How occupational therapists help keep older people out of hospital

Primary Care

Photograph: John Birdsall

Older people are big users of the NHS, with patients over 65 accounting for half of all hospital bed days and over-85s twice as likely to have an emergency admission to hospital as the general population.

There is a growing recognition that, as the population ages and the squeeze on NHS resources continues, better ways of supporting older people outside hospital need to be developed. Multidisciplinary teams, bringing together other health professionals to work alongside doctors and nurses, will be crucial. As the independent Commission on Improving Urgent Care for Older People put it in its report earlier this year: “A focus on wellbeing and, often, community support can help avoid an older person being admitted to hospital and preserve their independence in day-to-day living.”

Occupational therapists (OTs), with their skills in promoting greater mobility, are a key ingredient in this multidisciplinary, more proactive approach. Professor David Oliver, president of the British Geriatrics Society, says it is not just about admission prevention, but also about reducing older people’s hospital stays. “At every stage of the process, OTs are important,” he says.


” But what tends to happen in the public dialogue is we talk about doctors and nurses and not the wider health professionals. We’ve still got a fragmented system.”

In its report, the commission recommended that multidisciplinary teams might often be best placed in GPs’ surgeries, and in some areas this is already happening. But, according to Dr Nav Chana, a GP and chair of the National Association of Primary Care (NAPC), more needs to be done to get genuinely joined-up healthcare in a primary care setting.

“If you look at it from an average jobbing GP’s perspective, there are not many using OTs’ skills directly within their practice teams,” Chana says. “But we are trying to get people to live independently, to prevent hospital admissions and to make discharges work. All those things sit very squarely within OTs’ remit.”

The NAPC is developing a new model of primary care with a workforce built around the ongoing needs of the population it serves and is working with the College of Occupational Therapists to promote the profession within that.

In many areas, similar thinking is driving new work on integrating healthcare professionals, including OTs, to maximise resources and to improve patient care.
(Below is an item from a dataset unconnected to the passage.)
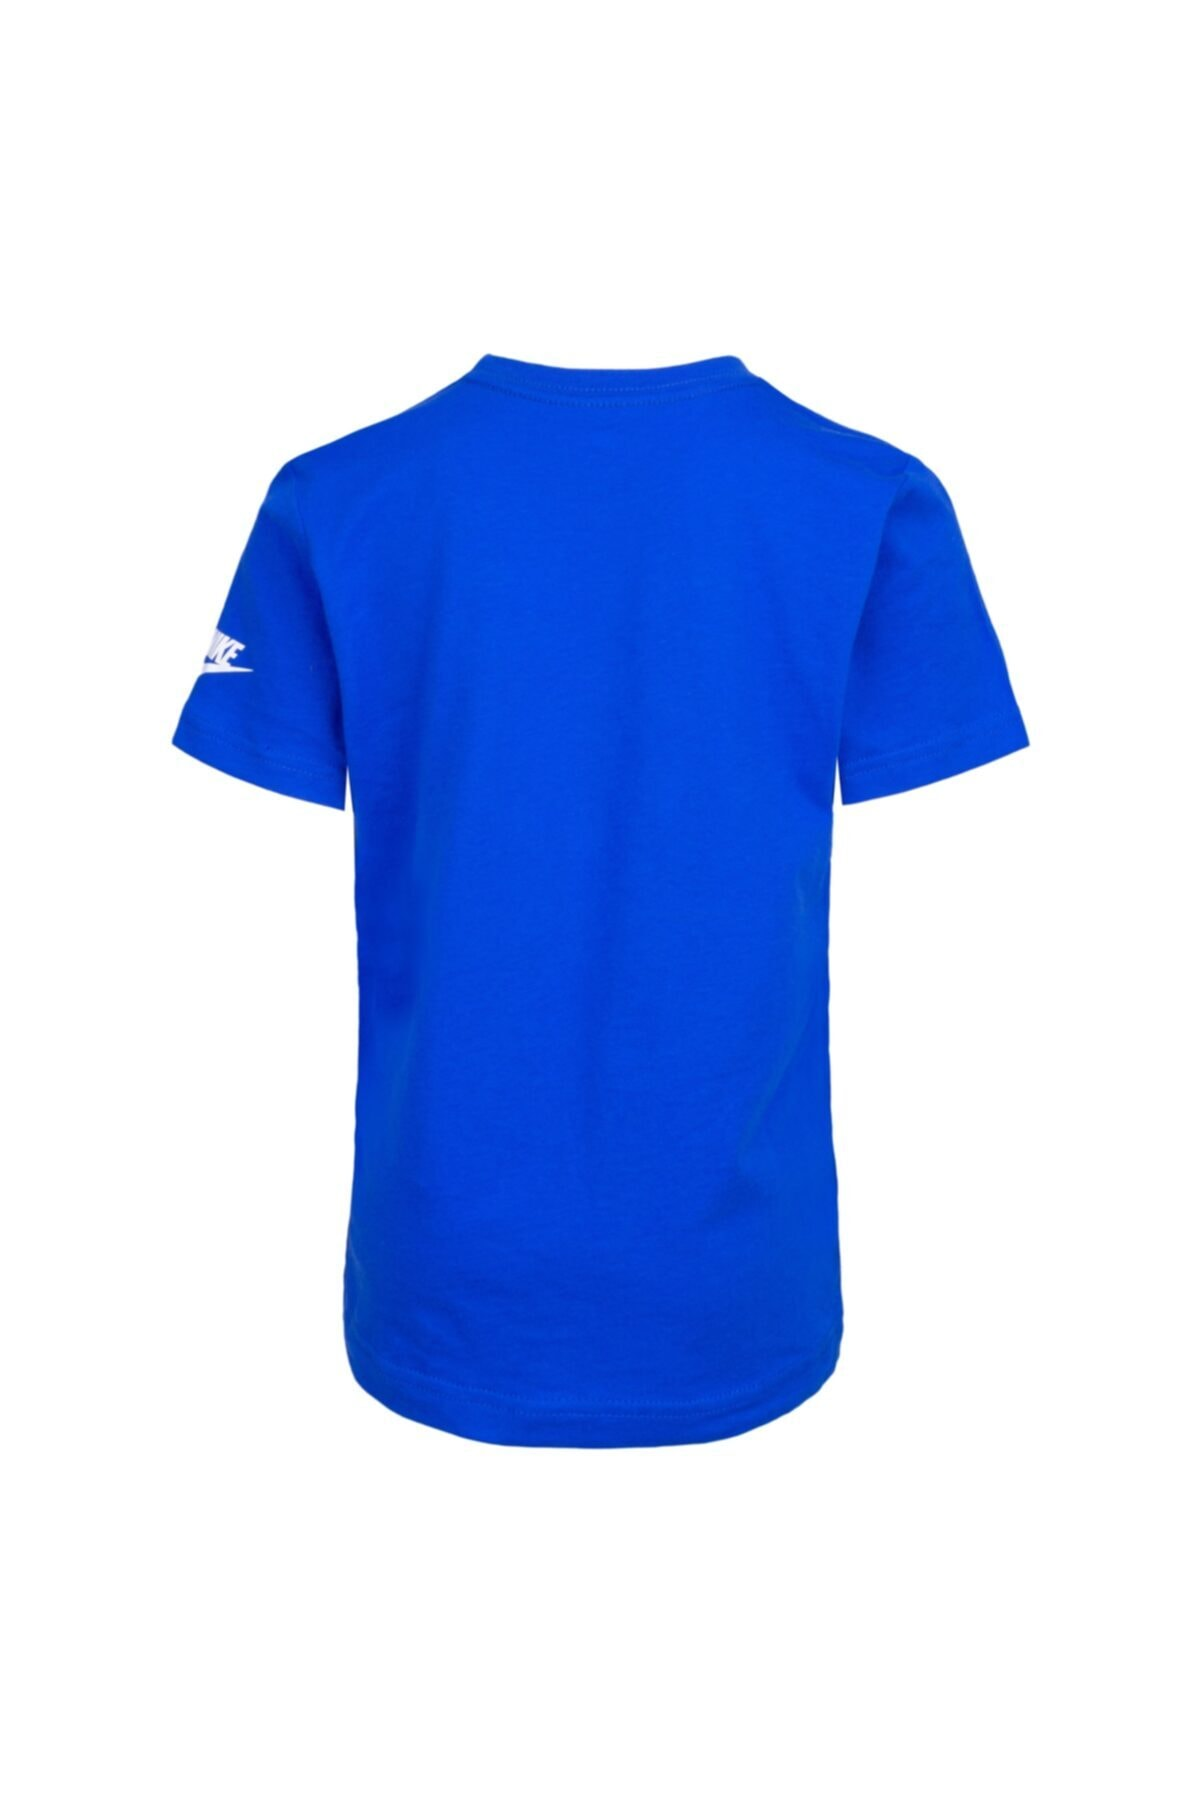 Nike Çocuk Mavi Tişört 86G889-U89 2
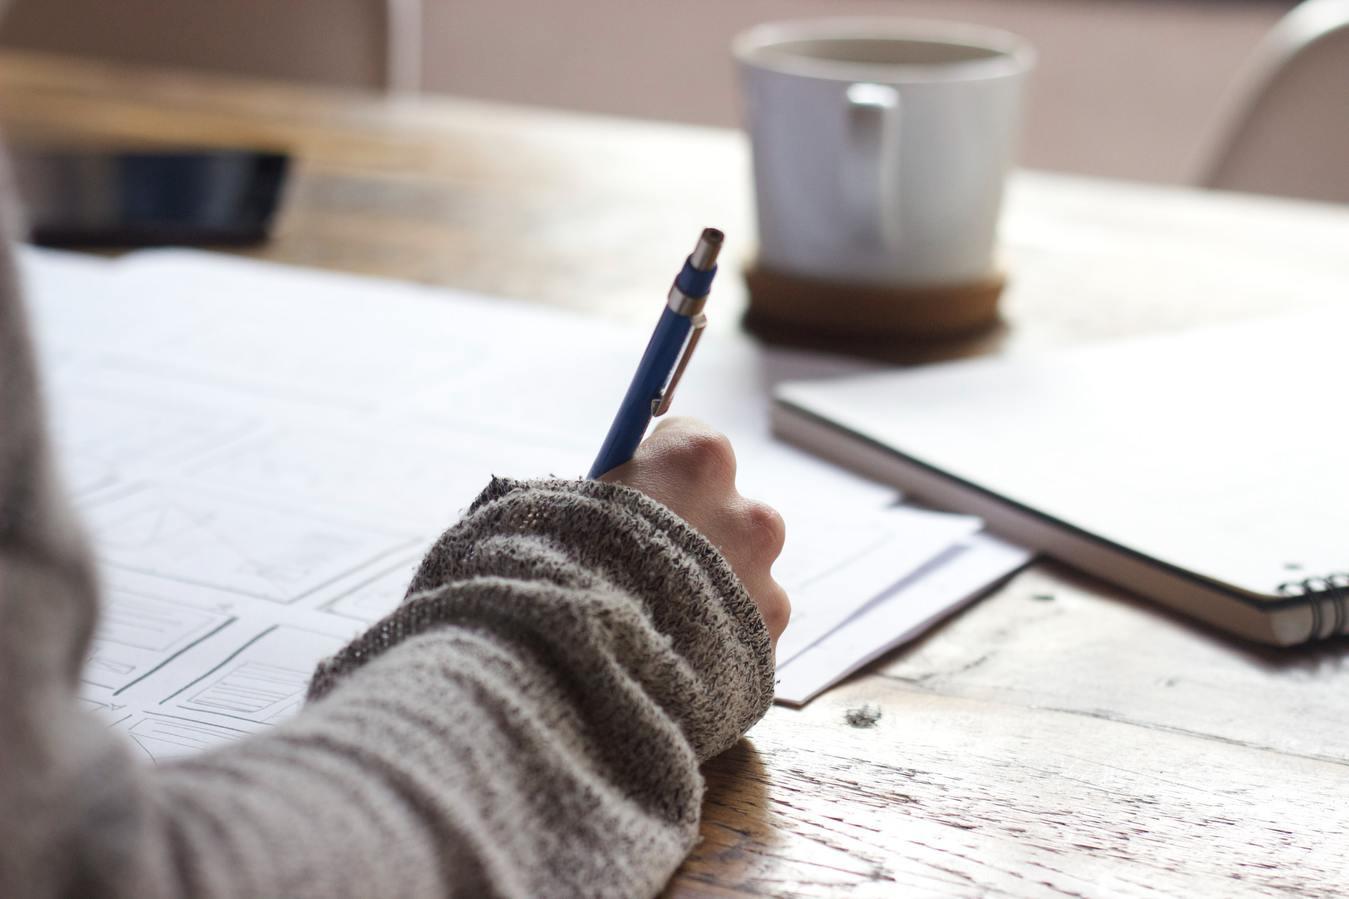 Persona che scrive su un quaderno con una tazza di caffè

Dr Maggie Keeble, clinical lead, proactive care, for South Worcestershire clinical commissioning group, which is currently planning its own multidisciplinary teams, says GPs can benefit from greater team-working.

“A GP will often be reactive,” Keeble says. “They will go in if there’s a problem and someone has fallen or got an infection. But they won’t necessarily be the best placed to see that if we can sort out aids and equipment at home, we can protect this person from deteriorating further.”


“It’s not about keeping people out of hospital if they need to be there, but so often they don’t need to be in hospital”

Photograph: Paul Kingston/North News & Pictures Ltd

For occupational therapist Kathryn Hubbard, each working day is different. When she visits an older person at home, she might help with mobility equipment or simply have a chat to boost morale. But while her caseload is varied, there’s a common theme.

“We are trying to see people before they come to us in a crisis, getting the equipment and the strategies in place so that when a crisis situation arises, they won’t necessarily have to bounce straight into hospital,” she says.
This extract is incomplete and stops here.